Sometimes when I make a recipe, I can't help but wonder who thought of that? Who decided to try these ingredients, and how many did they try before they found the right one? This notion ran through my mind often while making Queen Anne's Lace Jelly. Seriously, who was the first person to walk through a field, gather an armful of the flower and think hey! I bet that would make a tasty spread. Let's cook it up and see what happens! I think of things like this a lot (blame the history buff inside me - I keep a journal of ideas for history books I intend to write one day, and subjects like culinary history are front runners). Of course I had to turn to Dr. Google for such answers. Here is what I found:
- Queen Anne's Lace is the progenitor of modern carrots. In fact, it is know as "wild carrot" (and if you dig it up and crush the roots, it smells like carrots)
- The flowering period for Queen Anne's Lace (in the Northeast) is typically June through August
- Queen Anne's Lace has medicinal qualities, much like many other herbs and wildflowers. It is thought that the plant can act as a diuretic, sooth the digestive tract, support the liver and aid in waste removal by the kidneys. It also aids in the treatment of dropsy/edema
- The leaves of Queen Anne's Lace (as with modern carrots) contains a high level of porphyrins, a hormone that stimulates the pituitary gland and can increase sex drive (bonus!)
- There is conflicting evidence on the effect Queen Anne's Lace has on fertility (depending on what part of the plant is used). While some claim it can increase fertility, others claim it acts as a contraceptive, and can even cause miscarriage. If you are preggers, I recommend you stay away, as with most other herbs
- Queen Anne's Lace is a dead ringer for Hemlock (yep, like the kind that killed Socrates). Be extremely careful when harvesting the flower to make sure you have the right one. The easiest way to differentiate the flowers is that Queen Anne's Lace has a "hairy" stem, while Hemlock has a smooth stem
- The source of the name is disputed, but many stories point to Royal fashions, the Patron Saint of lacemakers (St. Anne), and several instances related to Queen Anne of England/Denmark
For more information on Queen Anne's Lace and to see pictures, please visit The Carrot Museum
So, back to the jelly - Queen Anne's Lace Jelly isn't what I would refer to as a Peanut Butter and Jelly staple (like Strawberry Jam is), but more an accompaniment to a lovely cheese plate (alongside a nice creamy brie, candied nuts, and buttery crackers).
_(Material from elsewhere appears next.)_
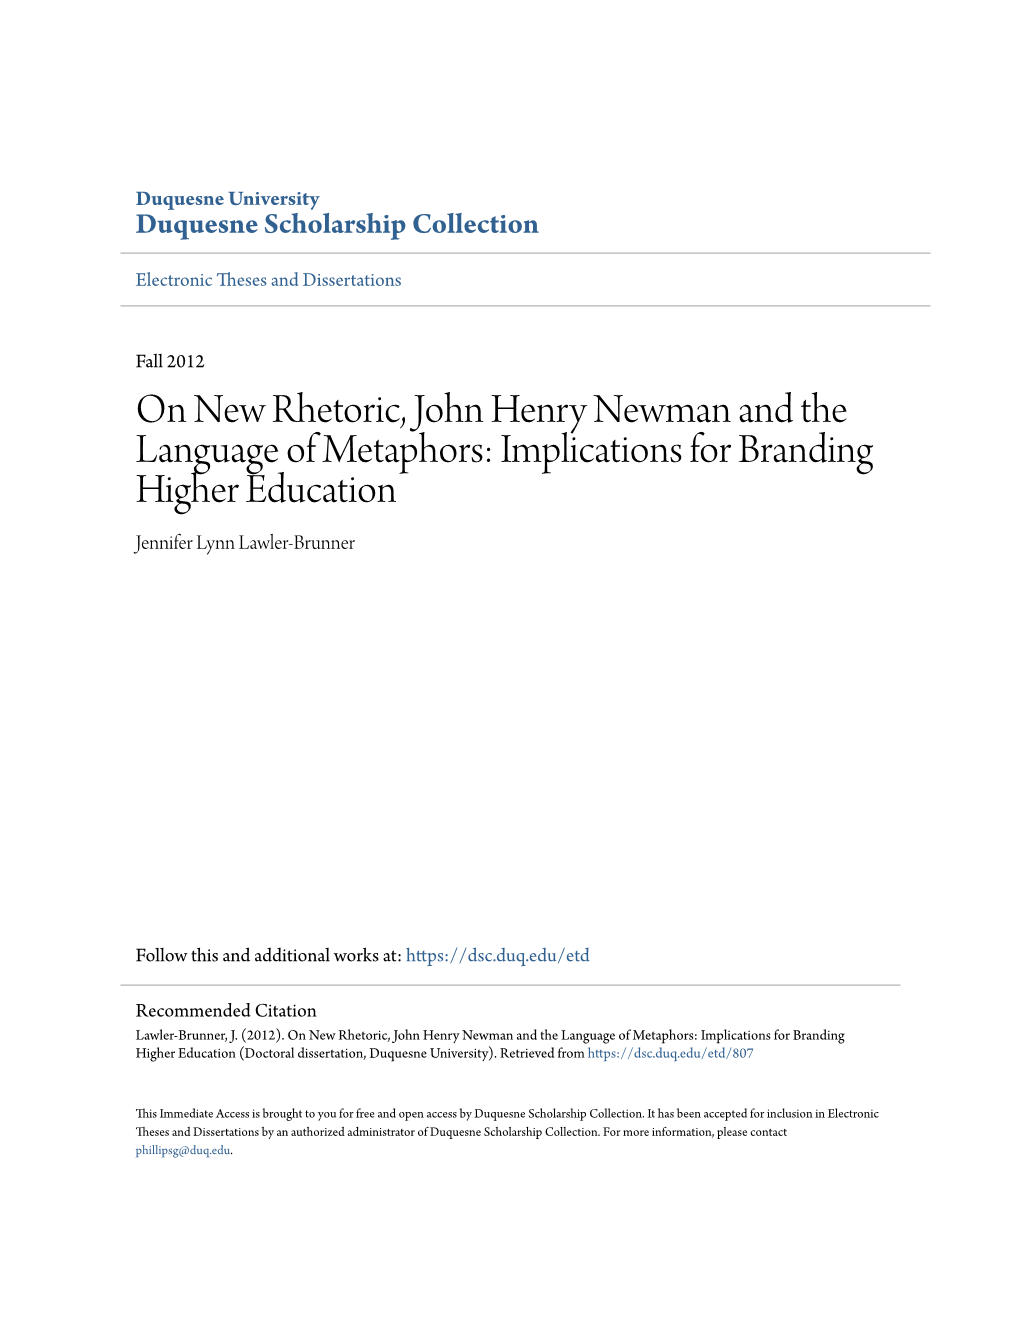 On New Rhetoric, John Henry Newman and the Language of Metaphors: Implications for Branding Higher Education Jennifer Lynn Lawler-Brunner

Like other flowers jellies (lavender, rose, etc) it has a very herbaceous, medicinal taste. The only way to know if you like it is to try it, so here's the recipe, have at it!
Queen Anne's Lace Jelly
Makes Approximately 2 Pints
18 fresh, large Queen Anne's Lace flower heads*
4 cups boiling water
1/4 cup lemon juice
4 cups sugar
2 packages powdered pectin3 drops natural red food coloring, if desired
1. Fill the sink or a large bowl with cold water. Submerge flower heads in the water and slosh around to remove any insects. Drain flowers.
2. Place the flowers in a large pot** and cover with boiling water. Cover and let sit for several hours or overnight. Essentially, you are making a very strong, stinky Queen Anne's Lace tea.
3. Strain the cooled "tea" through a sieve lined with cheesecloth. Save the tea, discard the flowers.
4. Rinse your pot and add the tea back in. Heat over a medium-high flame. Add the lemon juice, sugar and pectin. Stir to dissolve and bring to a boil. Boil for one minute, then reduce heat to medium. Stir frequently and be sure to scrap the bottom of the pan to prevent burning. Cook for 8-10 minutes until thickened (a good "set" test is to place a plate in the freezer for 15 minutes. Drop a small spoonful of the jelly onto the cold plate. After 30 seconds, the jelly should form a soft set and not run).
5. If you wish, add food coloring to the jelly to give it a peachy-pink color. Otherwise, the jelly with be a very light chartreuse color.
6. Pour jelly into sterilized mason jars or other storage container. Keep in the refrigerator or process in a hot water bath for five minutes. Enjoy!
*You can definitely pick Queen Anne's Lace from fields and pastures (like I did), but pick several feet away from the road to be sure the flowers aren't contaminated with pesticides or road grime. Queen Anne's Lace can also be found at the Farmers Market.
**When making a floral or herbal jelly, be sure to cook in a ceramic or stainless steel pot. Cooper or aluminum pans can chemically alter the properties of the flowers/herbs.